Activity: In the entries below, begin at the line that has "Sony website in 2011", stop after the line that has "11x17 Portfolio Case (White)", and output those lines exactly with no pictures.
=== Record excerpts ===
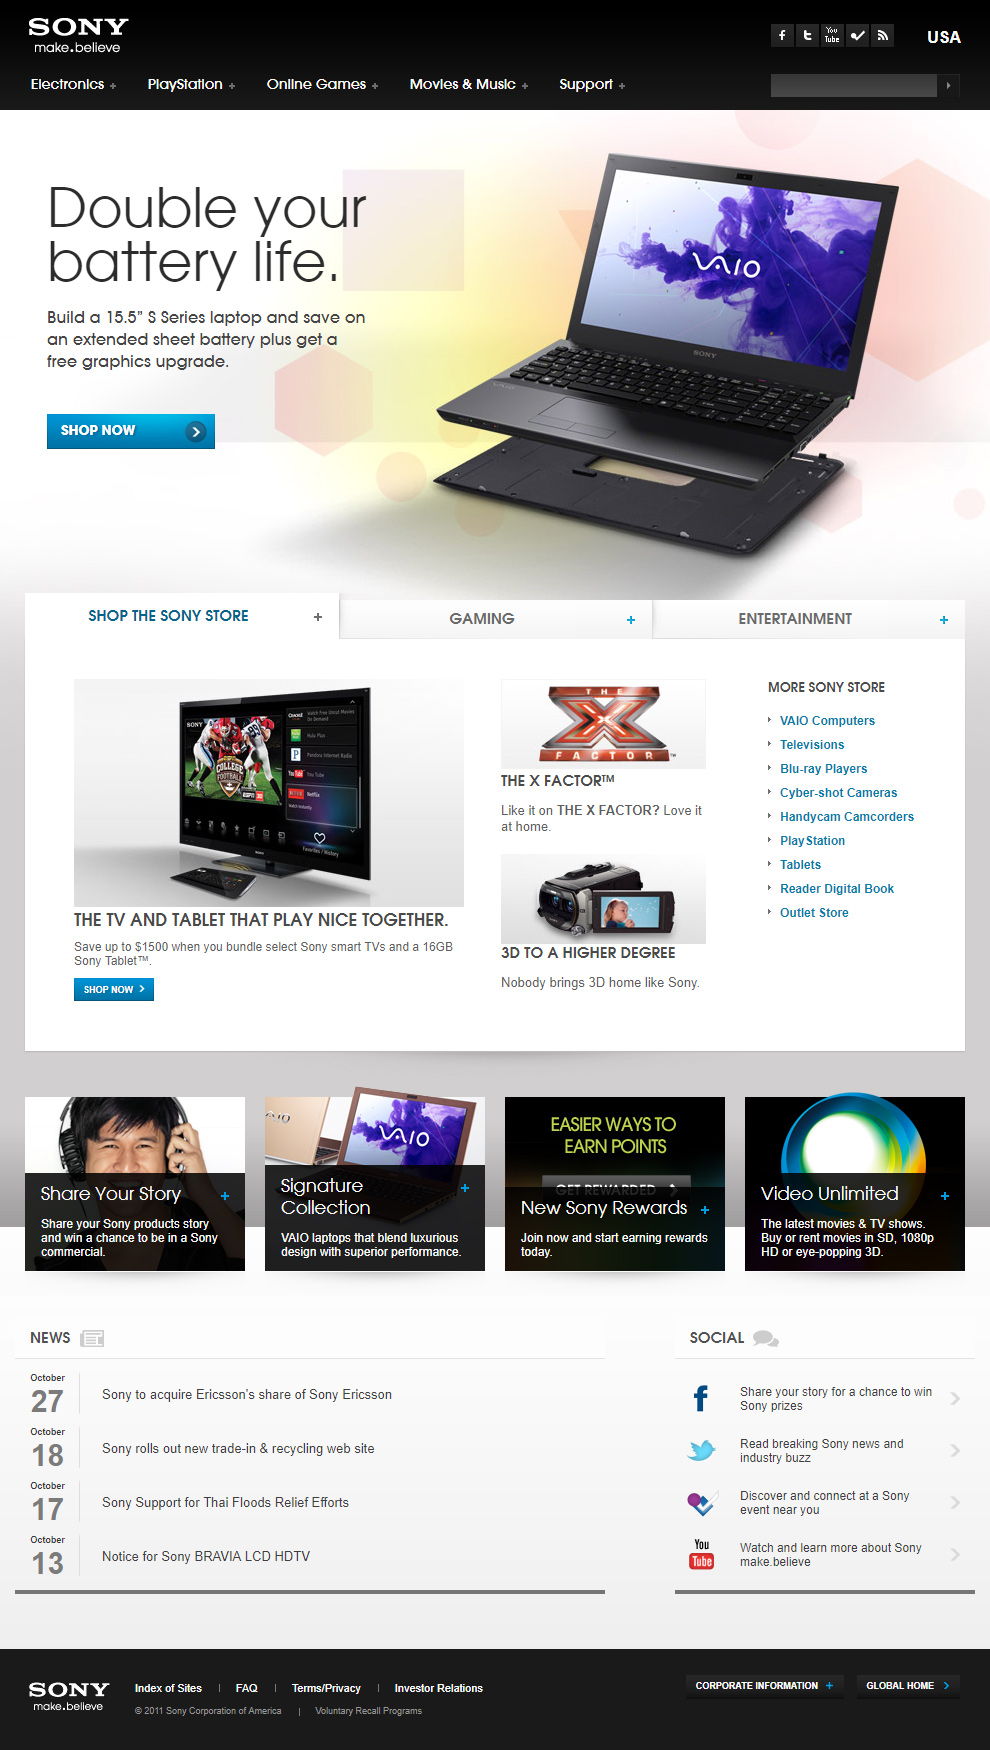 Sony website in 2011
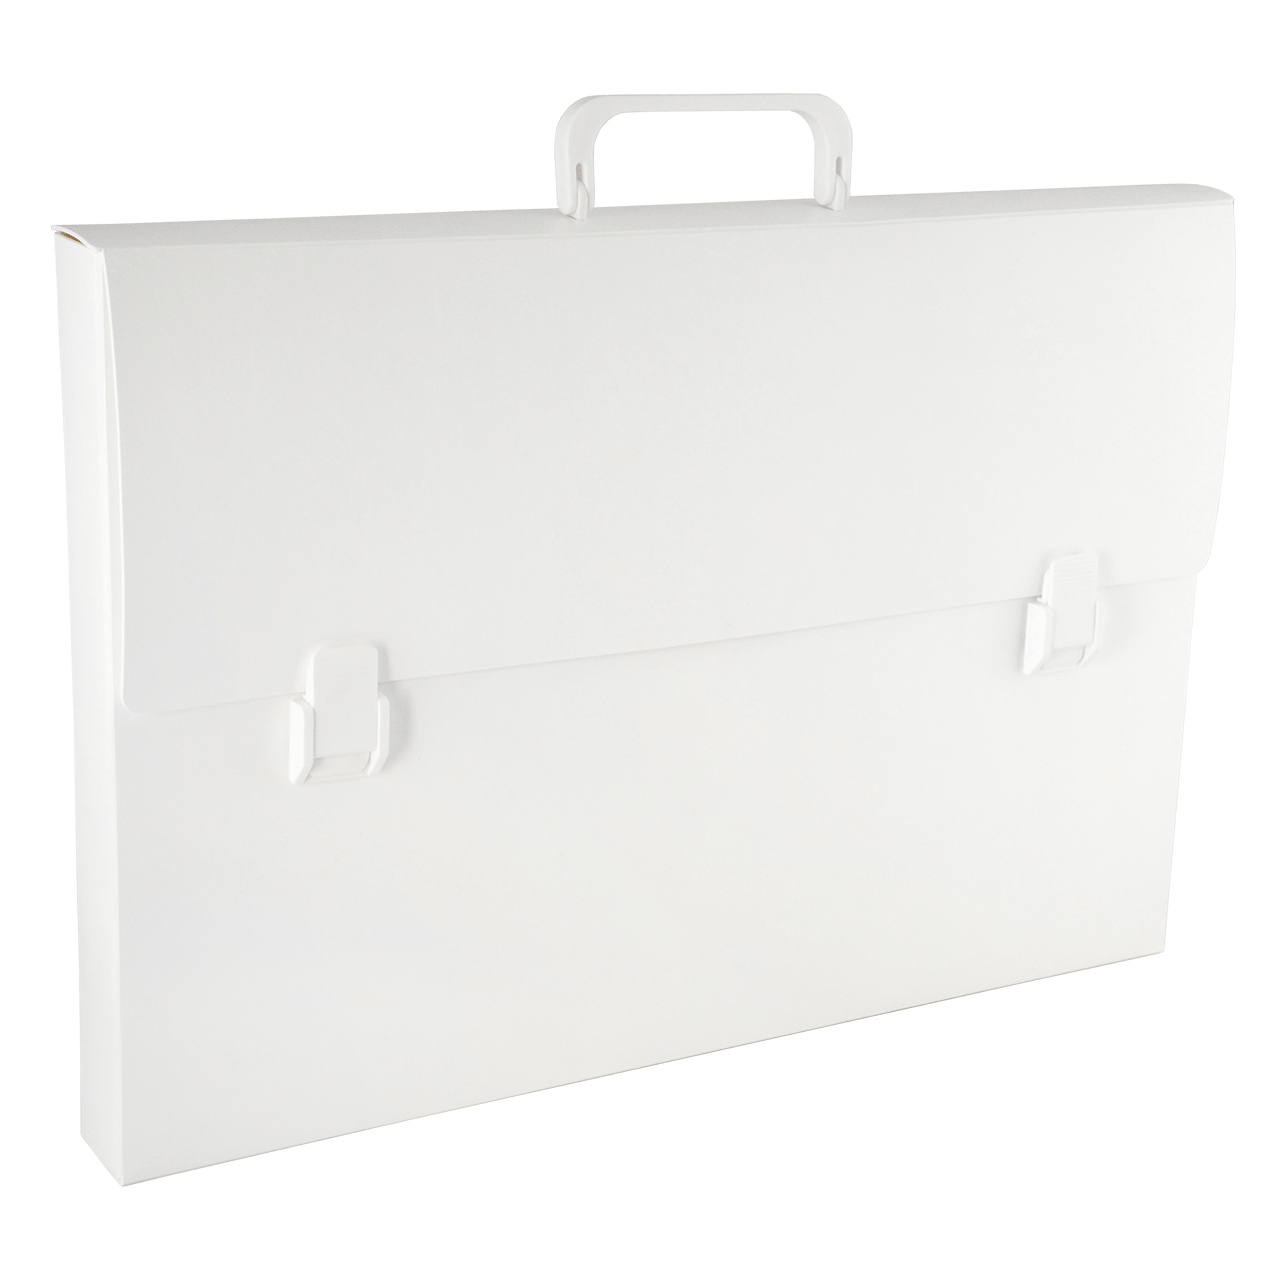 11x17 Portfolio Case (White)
===
=== Record excerpts ===
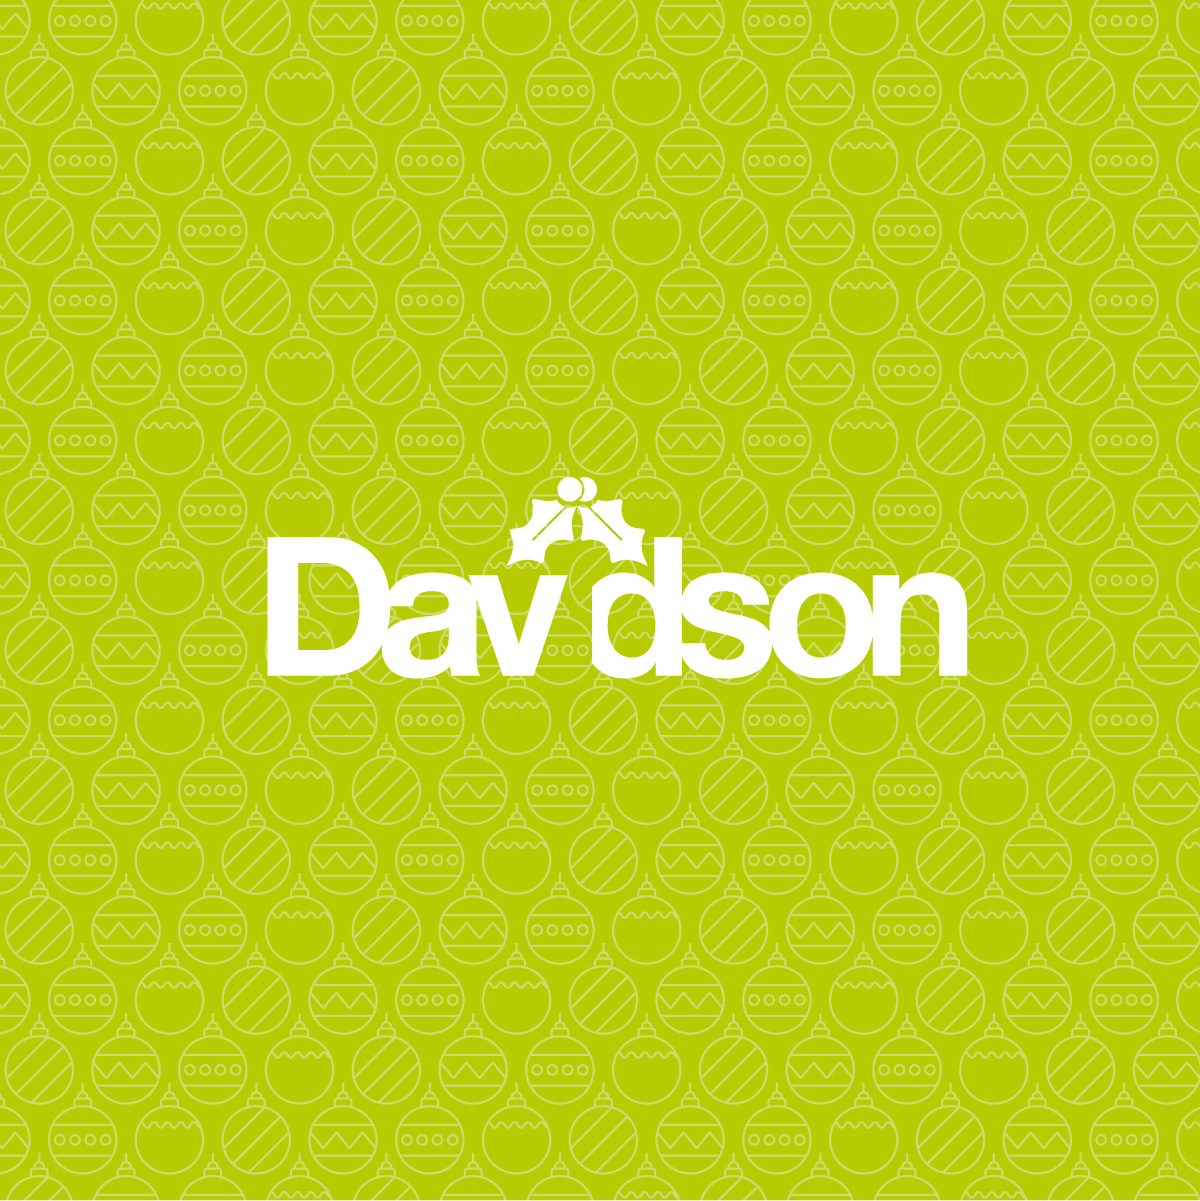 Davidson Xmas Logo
===
Task solution:
 Sony website in 2011
 11x17 Portfolio Case (White)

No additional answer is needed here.